--- WHAT THE EXERCISE ASKS ---
Find the line containing "dirty corrugated sheet" in the material below; copy that line and all following lines exactly.
BEGIN
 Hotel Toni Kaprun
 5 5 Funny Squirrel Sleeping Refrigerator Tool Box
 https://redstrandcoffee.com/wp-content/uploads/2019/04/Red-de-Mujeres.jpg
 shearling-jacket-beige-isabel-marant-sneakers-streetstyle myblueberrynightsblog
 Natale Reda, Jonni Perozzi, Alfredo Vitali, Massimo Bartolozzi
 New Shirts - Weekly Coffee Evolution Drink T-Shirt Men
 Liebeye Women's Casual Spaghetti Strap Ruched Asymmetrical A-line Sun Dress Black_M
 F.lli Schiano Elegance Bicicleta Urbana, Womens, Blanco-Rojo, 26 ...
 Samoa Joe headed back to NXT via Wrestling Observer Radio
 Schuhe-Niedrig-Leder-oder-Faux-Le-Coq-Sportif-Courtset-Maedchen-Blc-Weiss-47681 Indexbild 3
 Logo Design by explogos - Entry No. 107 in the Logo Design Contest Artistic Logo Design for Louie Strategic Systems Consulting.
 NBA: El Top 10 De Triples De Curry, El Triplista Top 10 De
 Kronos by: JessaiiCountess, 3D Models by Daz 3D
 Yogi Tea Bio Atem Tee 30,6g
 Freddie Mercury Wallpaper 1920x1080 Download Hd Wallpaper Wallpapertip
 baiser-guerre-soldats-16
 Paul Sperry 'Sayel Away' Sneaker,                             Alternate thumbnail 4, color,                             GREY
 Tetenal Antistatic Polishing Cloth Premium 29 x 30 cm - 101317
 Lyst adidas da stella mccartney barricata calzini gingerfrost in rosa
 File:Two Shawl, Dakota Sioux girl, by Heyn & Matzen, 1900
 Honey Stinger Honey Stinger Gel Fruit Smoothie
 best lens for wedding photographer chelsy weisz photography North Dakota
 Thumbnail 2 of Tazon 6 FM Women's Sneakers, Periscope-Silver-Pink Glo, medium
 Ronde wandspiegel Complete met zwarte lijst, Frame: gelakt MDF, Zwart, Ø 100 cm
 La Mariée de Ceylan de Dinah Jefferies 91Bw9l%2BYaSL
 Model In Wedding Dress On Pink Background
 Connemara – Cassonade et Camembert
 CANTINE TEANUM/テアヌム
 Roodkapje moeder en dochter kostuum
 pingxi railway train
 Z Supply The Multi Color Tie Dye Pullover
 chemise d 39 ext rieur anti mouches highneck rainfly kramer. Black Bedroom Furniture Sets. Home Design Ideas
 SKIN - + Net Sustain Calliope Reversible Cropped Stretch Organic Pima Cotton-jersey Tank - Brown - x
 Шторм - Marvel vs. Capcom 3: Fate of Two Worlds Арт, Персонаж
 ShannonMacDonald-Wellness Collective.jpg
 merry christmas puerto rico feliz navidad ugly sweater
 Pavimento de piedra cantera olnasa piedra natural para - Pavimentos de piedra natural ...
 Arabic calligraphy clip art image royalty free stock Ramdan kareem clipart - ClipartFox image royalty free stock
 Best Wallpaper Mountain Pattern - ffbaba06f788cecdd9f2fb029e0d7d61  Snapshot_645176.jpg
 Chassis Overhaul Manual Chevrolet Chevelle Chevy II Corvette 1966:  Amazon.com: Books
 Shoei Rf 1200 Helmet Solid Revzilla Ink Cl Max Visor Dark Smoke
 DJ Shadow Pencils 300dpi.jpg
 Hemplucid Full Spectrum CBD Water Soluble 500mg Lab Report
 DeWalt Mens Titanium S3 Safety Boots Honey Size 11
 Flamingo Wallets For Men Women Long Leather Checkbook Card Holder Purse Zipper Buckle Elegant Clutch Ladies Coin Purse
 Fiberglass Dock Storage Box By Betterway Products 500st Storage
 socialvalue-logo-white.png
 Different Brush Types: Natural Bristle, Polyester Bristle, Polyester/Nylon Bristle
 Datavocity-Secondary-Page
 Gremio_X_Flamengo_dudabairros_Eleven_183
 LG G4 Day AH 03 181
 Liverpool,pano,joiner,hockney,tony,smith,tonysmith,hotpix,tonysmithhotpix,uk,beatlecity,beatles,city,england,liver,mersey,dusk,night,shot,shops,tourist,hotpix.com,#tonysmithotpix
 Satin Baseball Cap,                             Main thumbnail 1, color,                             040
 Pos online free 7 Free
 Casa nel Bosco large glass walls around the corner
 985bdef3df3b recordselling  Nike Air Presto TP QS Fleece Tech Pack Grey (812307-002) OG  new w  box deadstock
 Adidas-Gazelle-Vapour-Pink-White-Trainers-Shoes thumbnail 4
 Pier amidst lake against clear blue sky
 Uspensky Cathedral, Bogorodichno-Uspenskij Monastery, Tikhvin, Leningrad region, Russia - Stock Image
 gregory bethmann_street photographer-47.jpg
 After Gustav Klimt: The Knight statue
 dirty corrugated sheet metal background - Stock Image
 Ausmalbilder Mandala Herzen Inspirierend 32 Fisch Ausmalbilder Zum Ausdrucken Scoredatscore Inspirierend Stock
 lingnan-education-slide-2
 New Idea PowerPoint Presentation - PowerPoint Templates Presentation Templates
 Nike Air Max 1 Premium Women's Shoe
END
--- RESPONSE AREA ---
 dirty corrugated sheet metal background - Stock Image
 Ausmalbilder Mandala Herzen Inspirierend 32 Fisch Ausmalbilder Zum Ausdrucken Scoredatscore Inspirierend Stock
 lingnan-education-slide-2
 New Idea PowerPoint Presentation - PowerPoint Templates Presentation Templates
 Nike Air Max 1 Premium Women's Shoe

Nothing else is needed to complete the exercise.